We have a new category for this year’s Golden Bean roasters competition – Plant Milk!

The challenge for the coffee roaster is to design their roasted coffee to make the plant milk shine in a milk based coffee.

We have asked past Golden Bean champions to practice in their businesses designing a coffee to pair with our sponsored milk, Alternative Dairy Company Oat.

ADC spent two years developing this amazing plant milk with the help of all facets of the Australian coffee and café industry.

ADC Oat is very creamy and has no strong flavour challenges for coffee to fight against. It performs very close to dairy and will hold well when combined with the espresso shot without bubbling and splitting.

Latte art

Please see their findings below.

Coffee characteristics all have acidity in the chemistry and will be enhanced in the brewing of espresso.

The acidity will split all milk, dairy and plant. These acids are seen as benefits and naturally occur in coffee during the roasting process.

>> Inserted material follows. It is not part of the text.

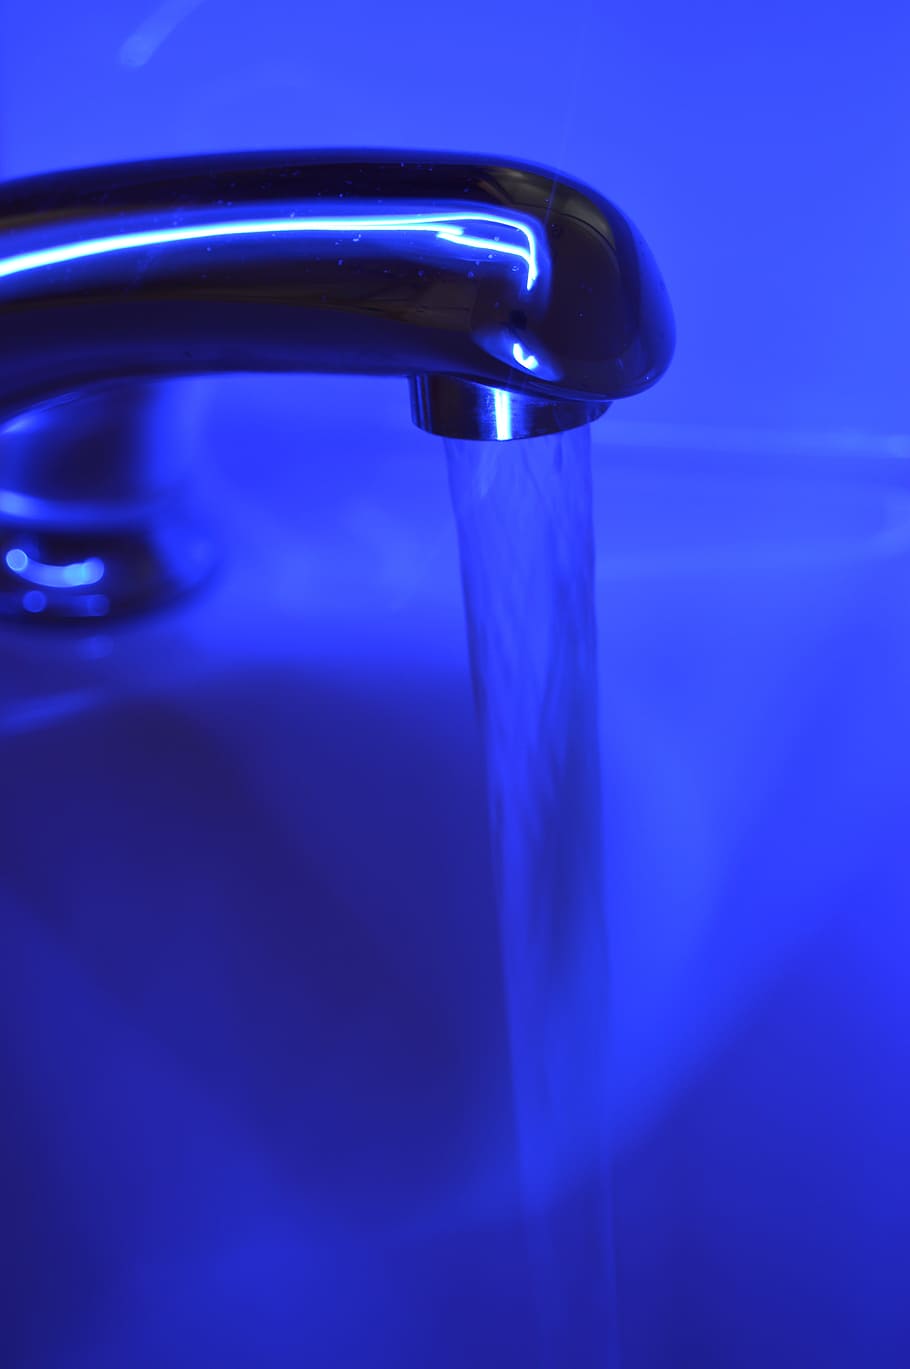 blue, faucet, water, tap, bathroom, home, sink, tub, bath, bathtub

They give coffee the desired brightness and enhance the flavour. The acids in coffee are a makeup of many variables, like malic acid (green apple), citric acid (lemon, lime), tartaric acid (grape, banana), and acetic acid (vinegar).

The mix of these acids will have major benefits and also some negative effects on coffee flavours in the finished cup.

Some coffee is higher in acidity than others due to the plant type or country of origin. For example, New Guinea coffee is known for high acidity, Kenyan coffee is a lower acidity.

Acidity will also vary between soil type, altitude, temperature of growing conditions and the processing methods.

When we roast coffee, we produce quinic acids and caffeic acids.

The quinic acid is responsible for negative taste profiles like astringency and bitterness and this comes out in darker coffee profiles.

When we roast lighter coffees, we create more caffeic acids that have the fruity profiles.

We know that caffeic acid in light roasting will split milk in the espresso coffee making process, so the dilemma is to roast coffee that is lower in caffeic acid and not too dark where we introduce two much quinic acid and the flavours become lost and bitter.

The juggle is between splitting the milk for look verses taste profiles.

This is the new challenge we are throwing out to coffee roasters, to design better milk based coffees that will visually work with coffee and retain the origin flavours.

Our findings and ideas on best coffee for plant milk.

  • Roast to a medium/dark roast profile – just past second crack. Drop temp of 228oC
  • Pick origins like Brazil and Kenya with low acidity levels
  • Pick coffees that are naturally processed for fruity flavours to break through the plant milk natural flavours
  • Pick high altitude grown coffee as it normally has low acidity
  • Cup the coffee with a variety of plant milks and taste test. Also conduct visual checks of these coffees and take note of the splitting time period from start of pour.
  • We had a few roasters who slowed down roast time to achieve lower acidity. It’s worth experimenting to stretch out the roast curve with temperature control.